In contrast, there are still several limitations in this study. First, the methodological quality and reporting quality of LSR has not been considered in this study. Although the recently updated PRISMA 202094 statement claimed that it could be used for LSR, there were still some additional problems. Moreover, the commonly used methodological quality assessment tools AMSTAR 2 and ROBIS were not suitable for LSR.95,96 Second, this study did not identify the optimal search frequency, update frequency, and appropriate technological enablers. In the future, we could focus on developing appropriate PRISMA for LSR and exploring suitable search frequency, update frequency, and more available technological enablers, which may improve the quality of LSR.

Conclusion

LSRs are high-quality, up-to-date online summaries of health research, updated as new research becomes available,7 and enabled by improved production efficiency.
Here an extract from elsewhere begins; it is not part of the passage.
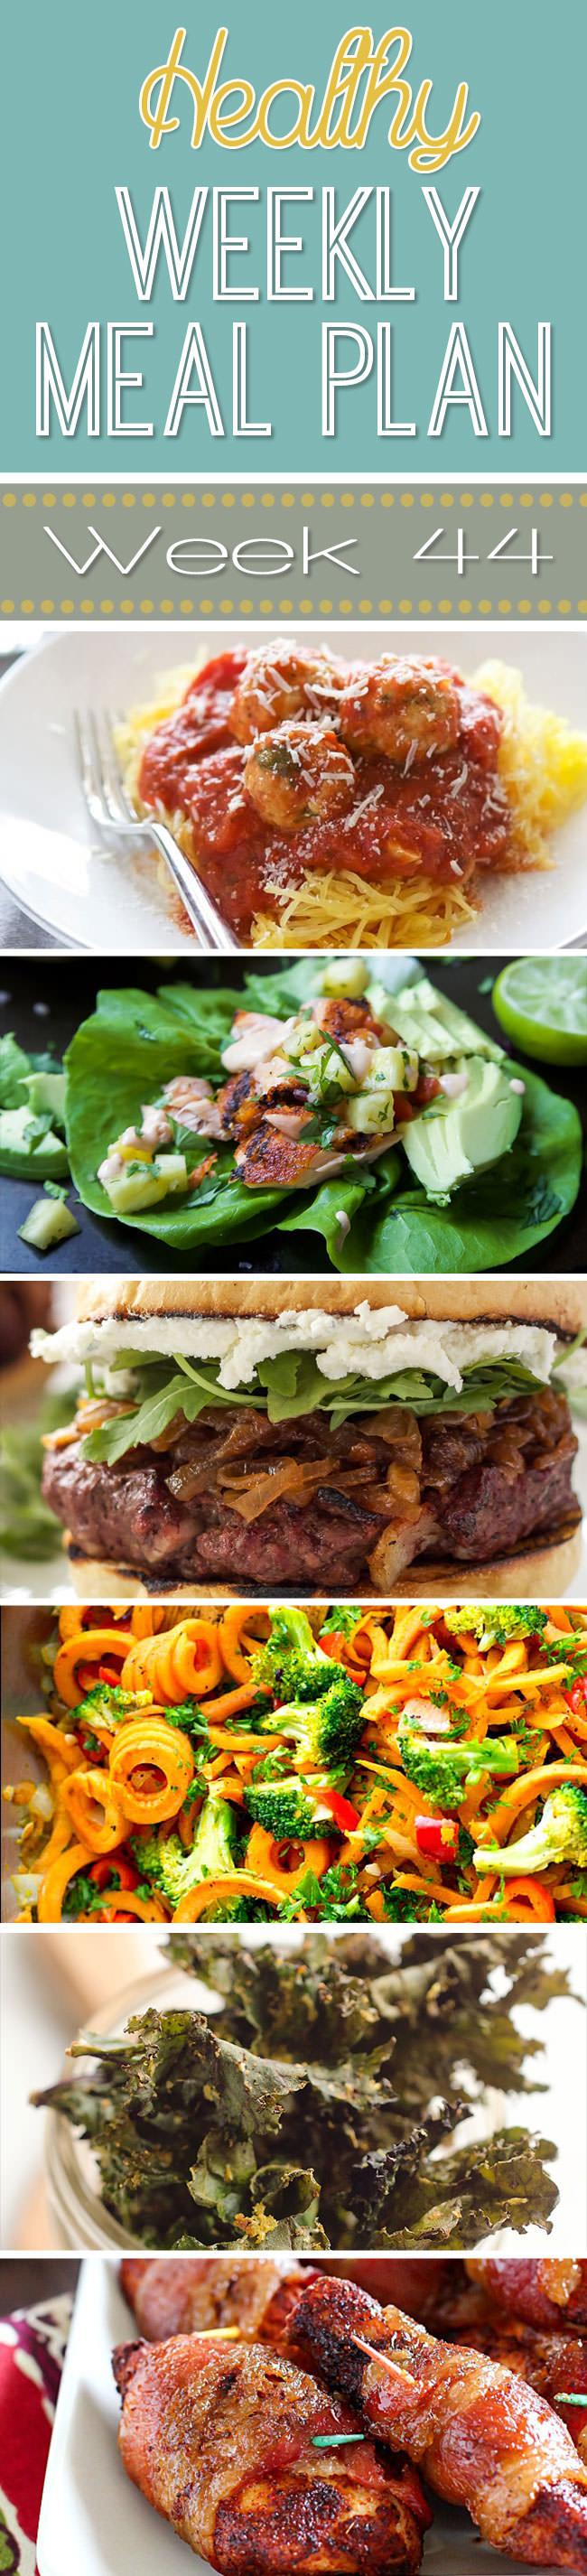 Healthy-Meal-Plan-Week-44-Vertical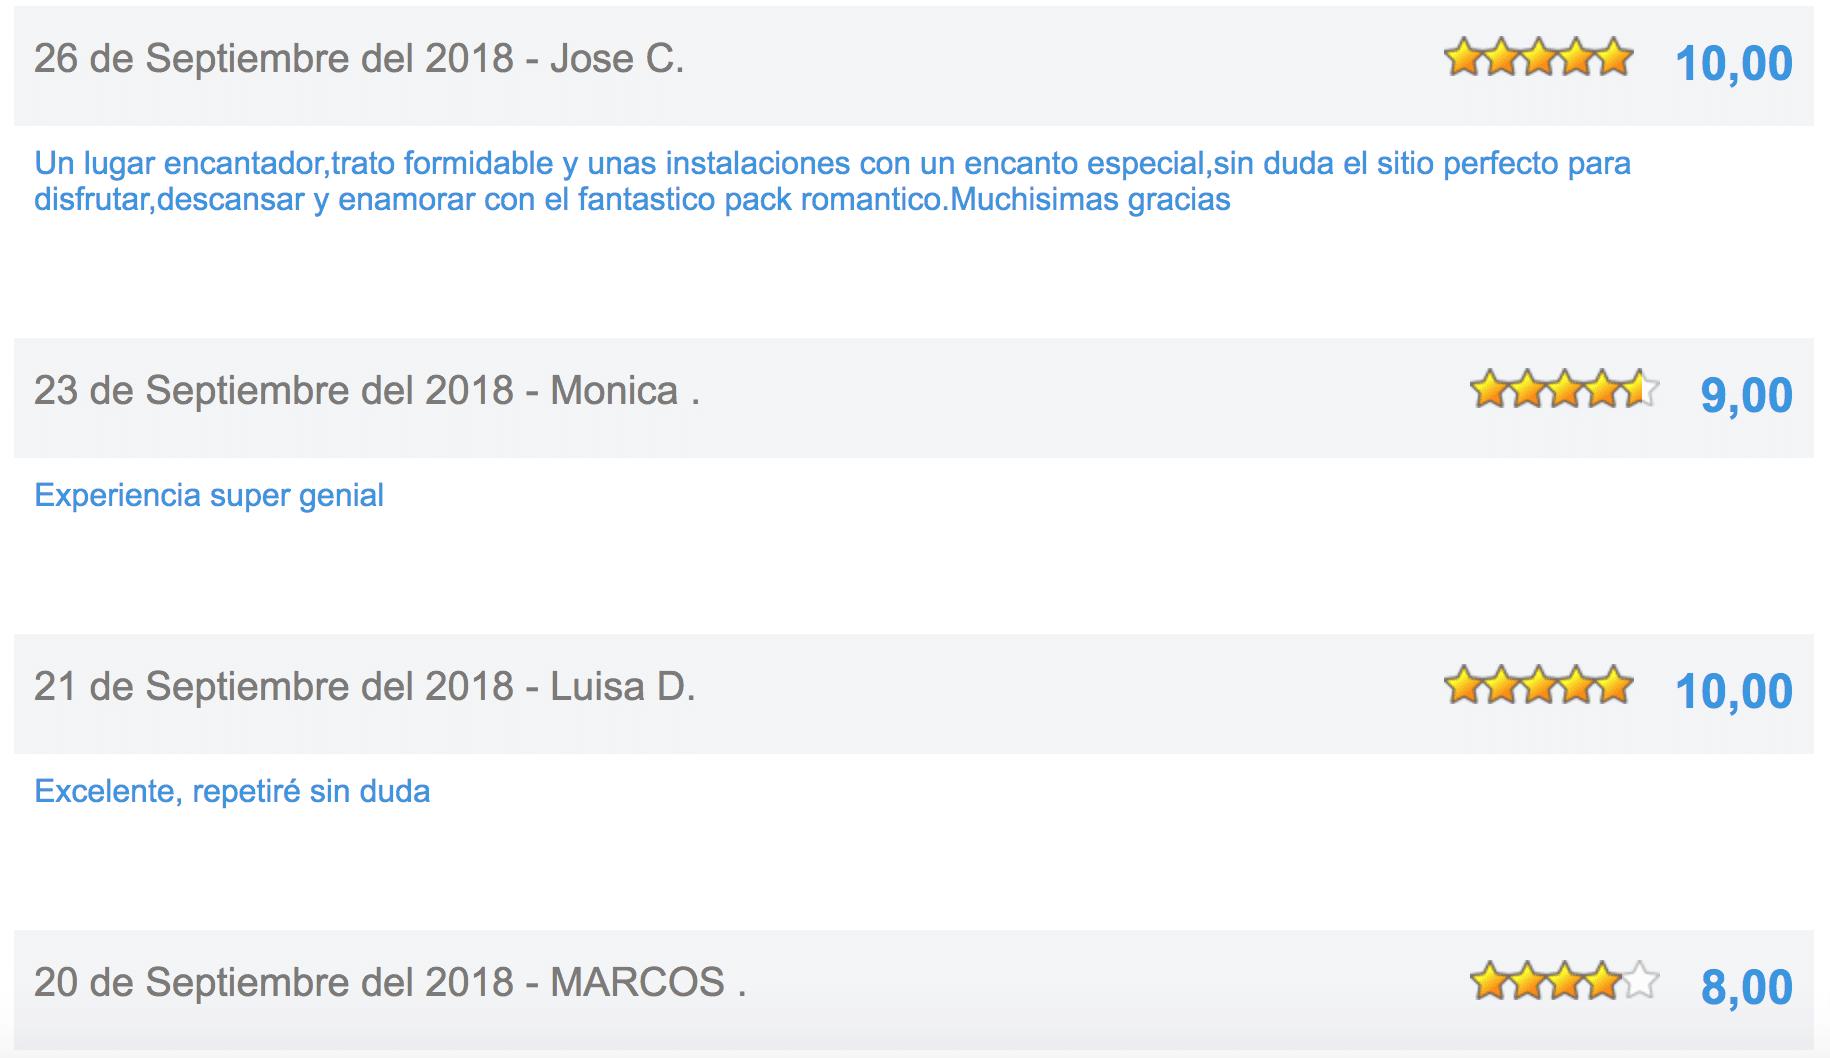 ESCAPADA-SPA-GALICIA

Transparent reporting of changes in methodology between review updates is essential. And transparent reporting is needed to avoid biases in the review process. But most of the LSRs for COVID-19 were incomplete in reporting on the “living” process. This could reduce the confidence of health-care providers and policy makers in the results of COVID-19 LSRs, thereby hindering the translation of evidence on COVID-19 LSR into clinical practice. The results of this work not only provide an evidential foundation for PRISMA for the LSR development team, but also make recommendations for further applications of LSR under COVID-19.